5/2/2012—In the midst of various “good without God” campaigns, comes a revealing juxtaposition. Charles Murray, the conservative author of the controversial 1994 book, The Bell Curve, and original Swiss philosopher Alain de Botton, probably do not agree on much. But in their latest works, they seem to agree that secular institutions are unable to provide spiritual nourishment in our time and that an infusion of religion is needed.
I’m overstating for effect. They don’t entirely agree. In Coming Apart: The State of White America, Murray notes “an elite that is hollow at the core” and a lower class characterized by severe moral deterioration. Apparently he ends the book calling for a quasi-religious awakening (according to Andrew Hacker’s review in the New York Review of Books).
In contrast, Alain de Botton’s new book, Religion for Atheists, argues for only parts of the religious traditions. But he does note that when religion was more influential, social institutions cared about souls. Now they do not. And that is a great loss.

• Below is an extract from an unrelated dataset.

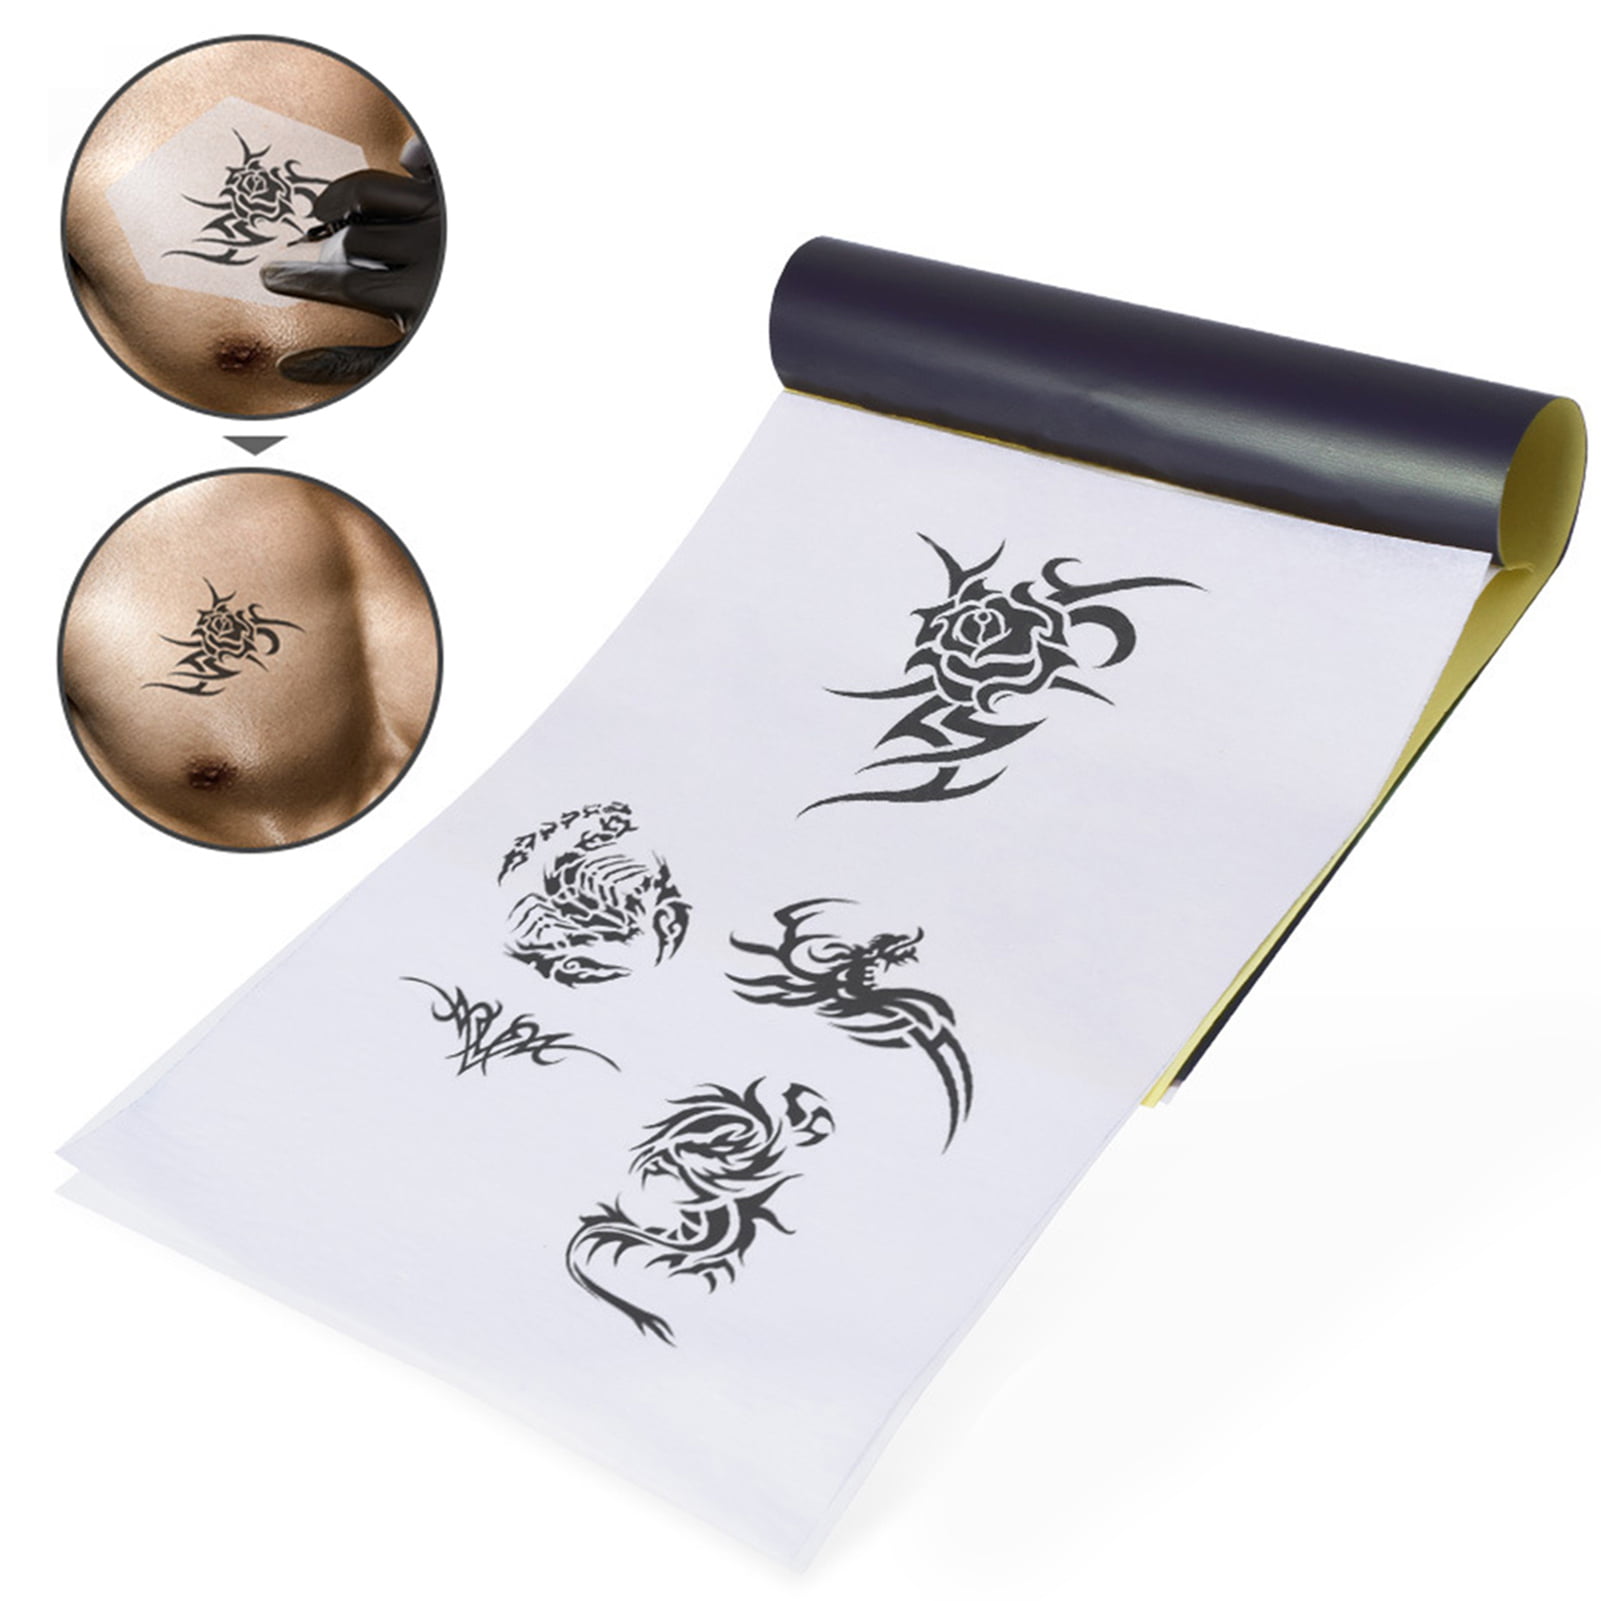 Weliu Tattoo Transfer Paper, 35 Sheets Tattoo Stencil Transfer Paper for  Tattooing

There is something here to ponder. For all the critiques of religion, a widespread nonbelief has not yet shown that it is spiritually sustainable on its own. The question has never been whether an individual can be good without God. That is obviously so. The question is whether a society that is without God can be good without at least a substitute for religion that contains some aspects traditionally associated with religion. The jury is out on that question.